DEI is a practice that cites equity in theory but discriminates in practice | Opinion
This is in response to Angene Wilson’s op-ed in the Herald of January 31, 2024, defending the concept of Diversity/Equity/Inclusion as a concept that has been a great boon to universities. Professor Wilson looks out upon the world with great caring and compassion and wants all regardless of racial/class/origin identity to have an equal opportunity to learn and do well, and possibly excel. And she wants university professors like the late Bob Olson and Dr. Gerald Smith who can genuinely enlighten students. As an aside, since Professor Wilson suggests that history teaching too often does not teach warts and all (the good and the bad), what knowledge I have of the UK’s history department over the last half century strongly suggests its professors have always taught all facets of history, and do it well. CRT proponents, when arguing that white historians want to sanitize history do so to make a case for their “real” history seen through a CRT/systemic racism lens, like that of the 1619 Project lens.
DEI is intrinsically intertwined with Critical Race Theory (CRT) and “woke” cancel culture. It is the latest manifestation of an understanding of affirmative action policies that spoke of equal opportunity but almost always intentionally discriminated in practice and was the well-spring for a gargantuan governmental patronage system. Affirmative action survived by morphing into the concept of diversity in the workplace and academia that would enrich all by bring different experiences and ideas. But the only diversity was that of gender/and race, not of ideas. In fact diversity of ideas disappeared.

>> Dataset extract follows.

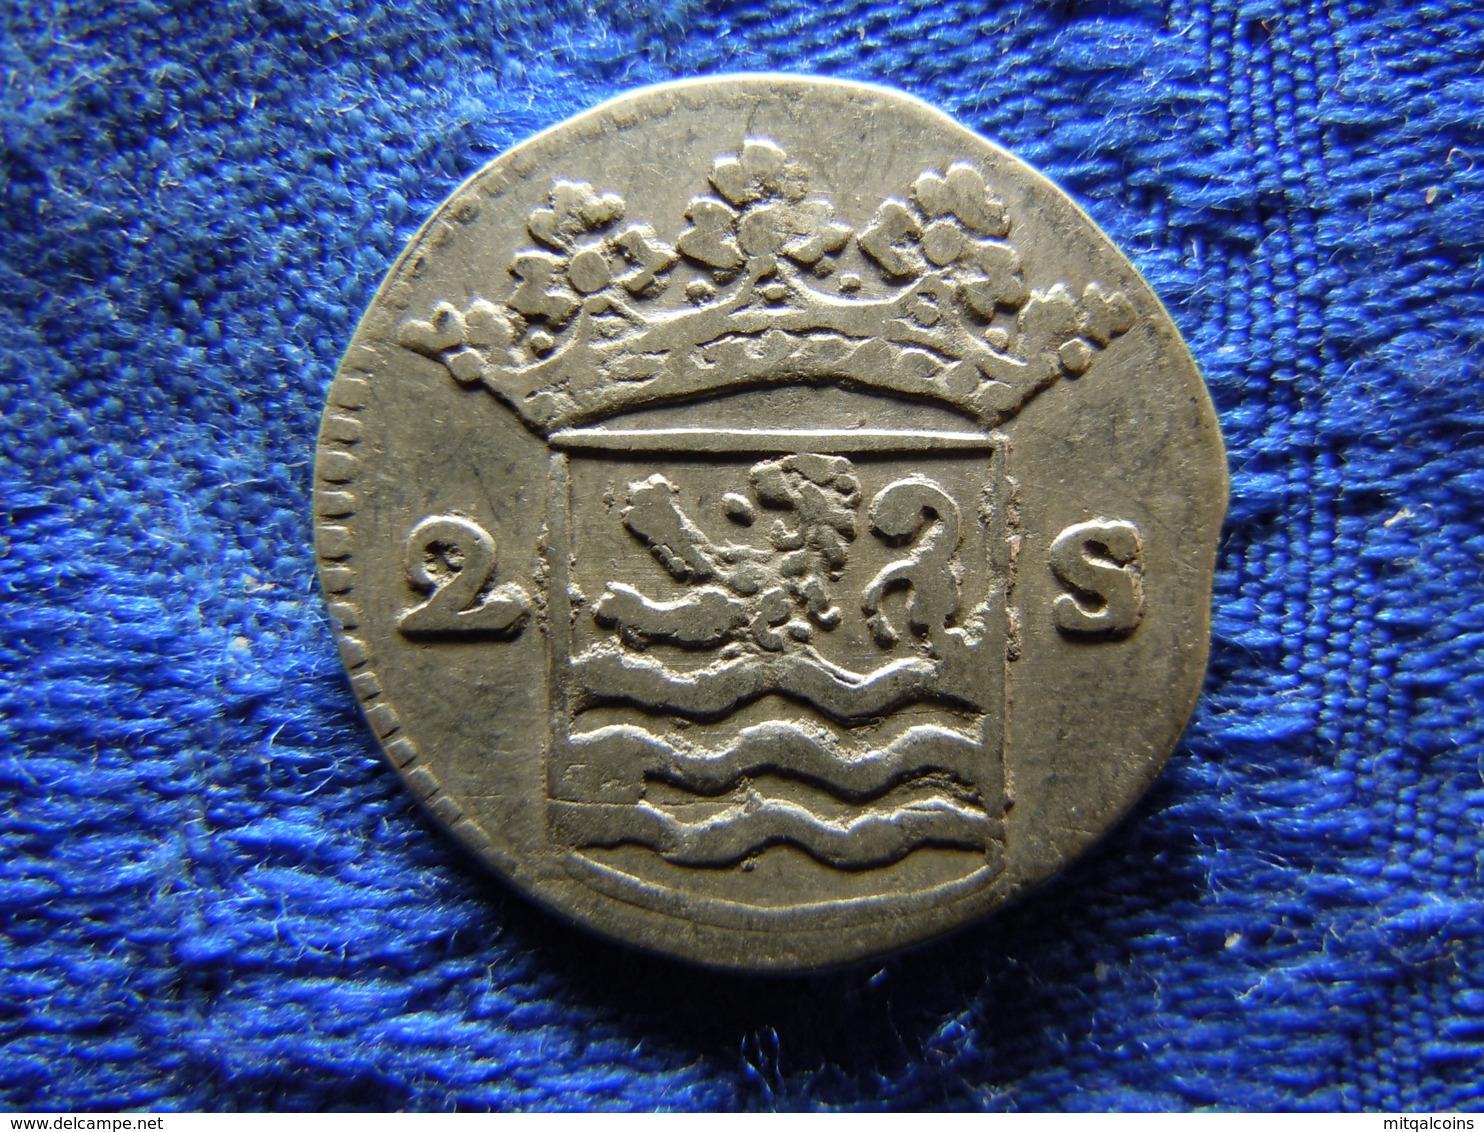 NETHERLANDS ZEELAND 2 STUIVERS 1733, KM59 - [ 1] …-1795 : Former Period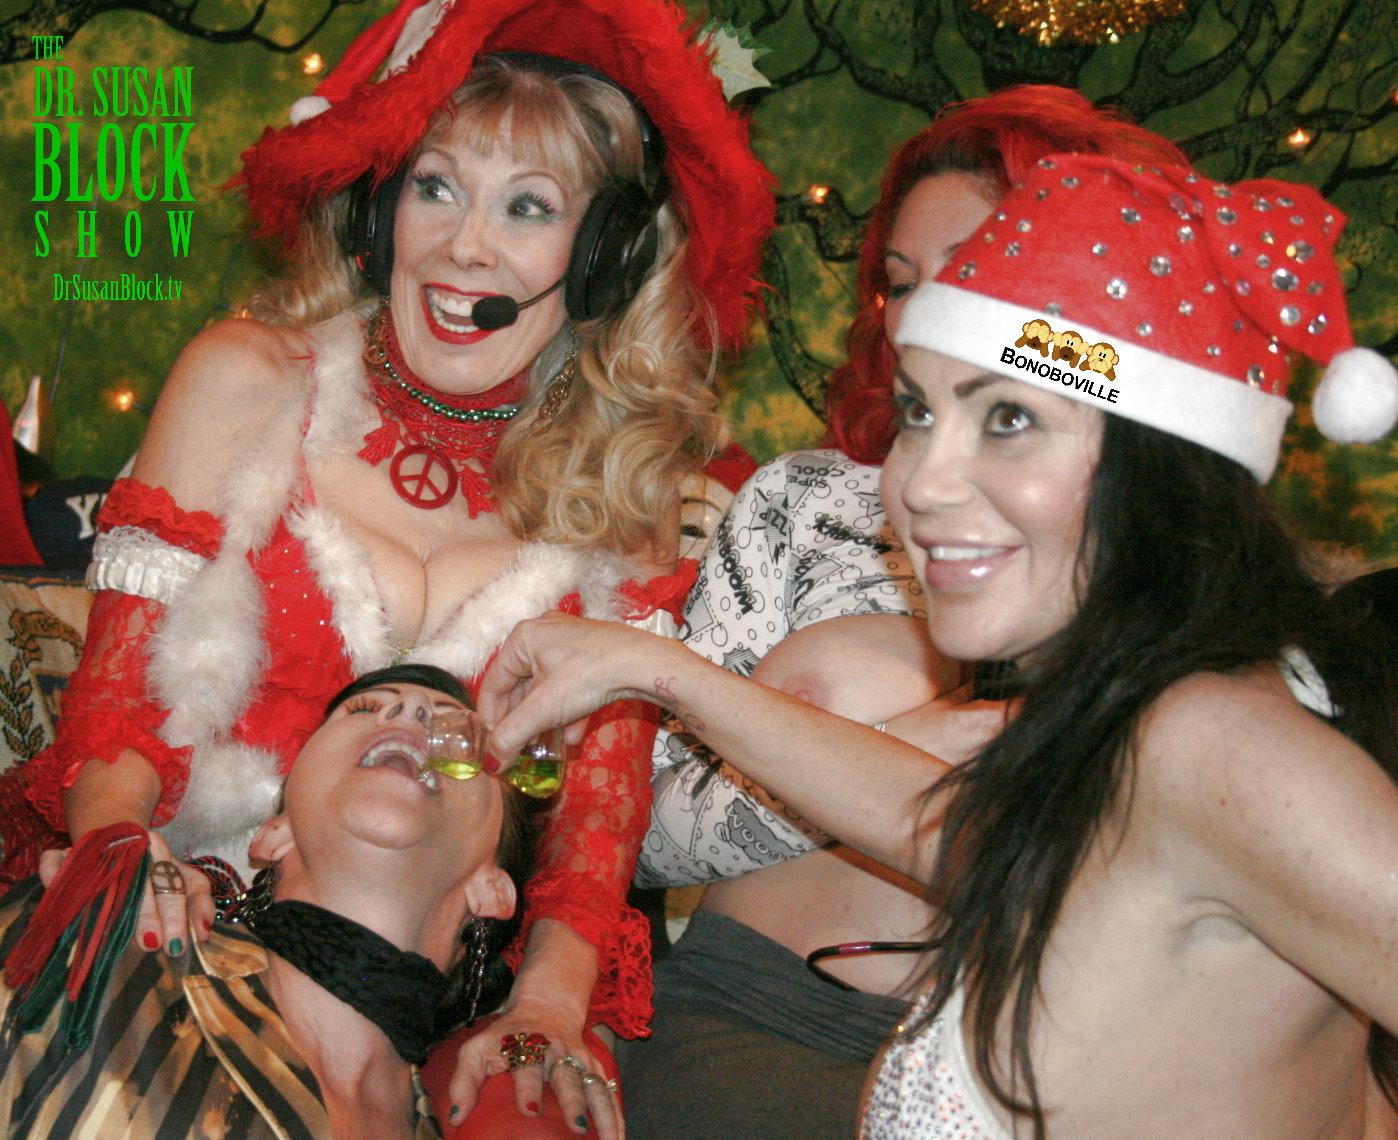 The Mad Elves of Bonoboville. Photo: L'erotique

Words came to mean the opposite of what they had meant. Around the turn of the twenty-first century, Kentucky state government’s Cabinet for Families and Children announced that since it was an equal employment employer it was setting a goal of having a work force that was 20 percent minority and 75 percent female. Two decades later President Biden on his first day in office issued an executive order that applied to all the federal government that defined equity as favoring those who had not been treated equally in the past.
All of this was in part due to the rise of Critical Race Theory (CRT) that originated with university professors who insisted that everything had to be understood as a product of systemic racism, that the American ideal of individual liberty and rights had to be rejected along with the constitution that protected such as an elaborate superstructure for the benefit of those in power, and that all people must be divided into oppressed and oppressors, or the colonizer and the colonized. CRT is a pagan insistence that all human life boils down to power relationships and contests. There are no moral absolutes. All concepts of individual moral worth or merit are discarded. As is the Christian concept of tragedy and the necessity of forgiveness (grace). There are only victors and vanquished.
The old university ideal of always seeking truth through continual inquiry and debate is no more. Long ago, a UK history professor and I, an adjunct, had a measure of collegiality for which I was grateful. He identified himself to me, a traditional Baptist, as a communist. Yet, we had several lengthy conversations/debates, and even reached agreement now and then. I have always been grateful for his ironically holding up the last vestiges of free speech on a university campus.
Today I do not think that any professor in any discipline expressing opposition (or a different truth) to present day transgender ideology, diversity as discrimination, new definitions of marriage, a deterministic ideology of systemic racism, and cancel culture, would avoid being canceled.
Professor Wilson has a genuine desire to uplift people. Uplift is the university’s job. Doing so requires universities return to being true bastions of free thought and debate. In a public university one should be free to teach CRT, but not promote it, and seek true inclusion.
J. Larry Hood is a retired state government employee and has been adjunct faculty at area colleges.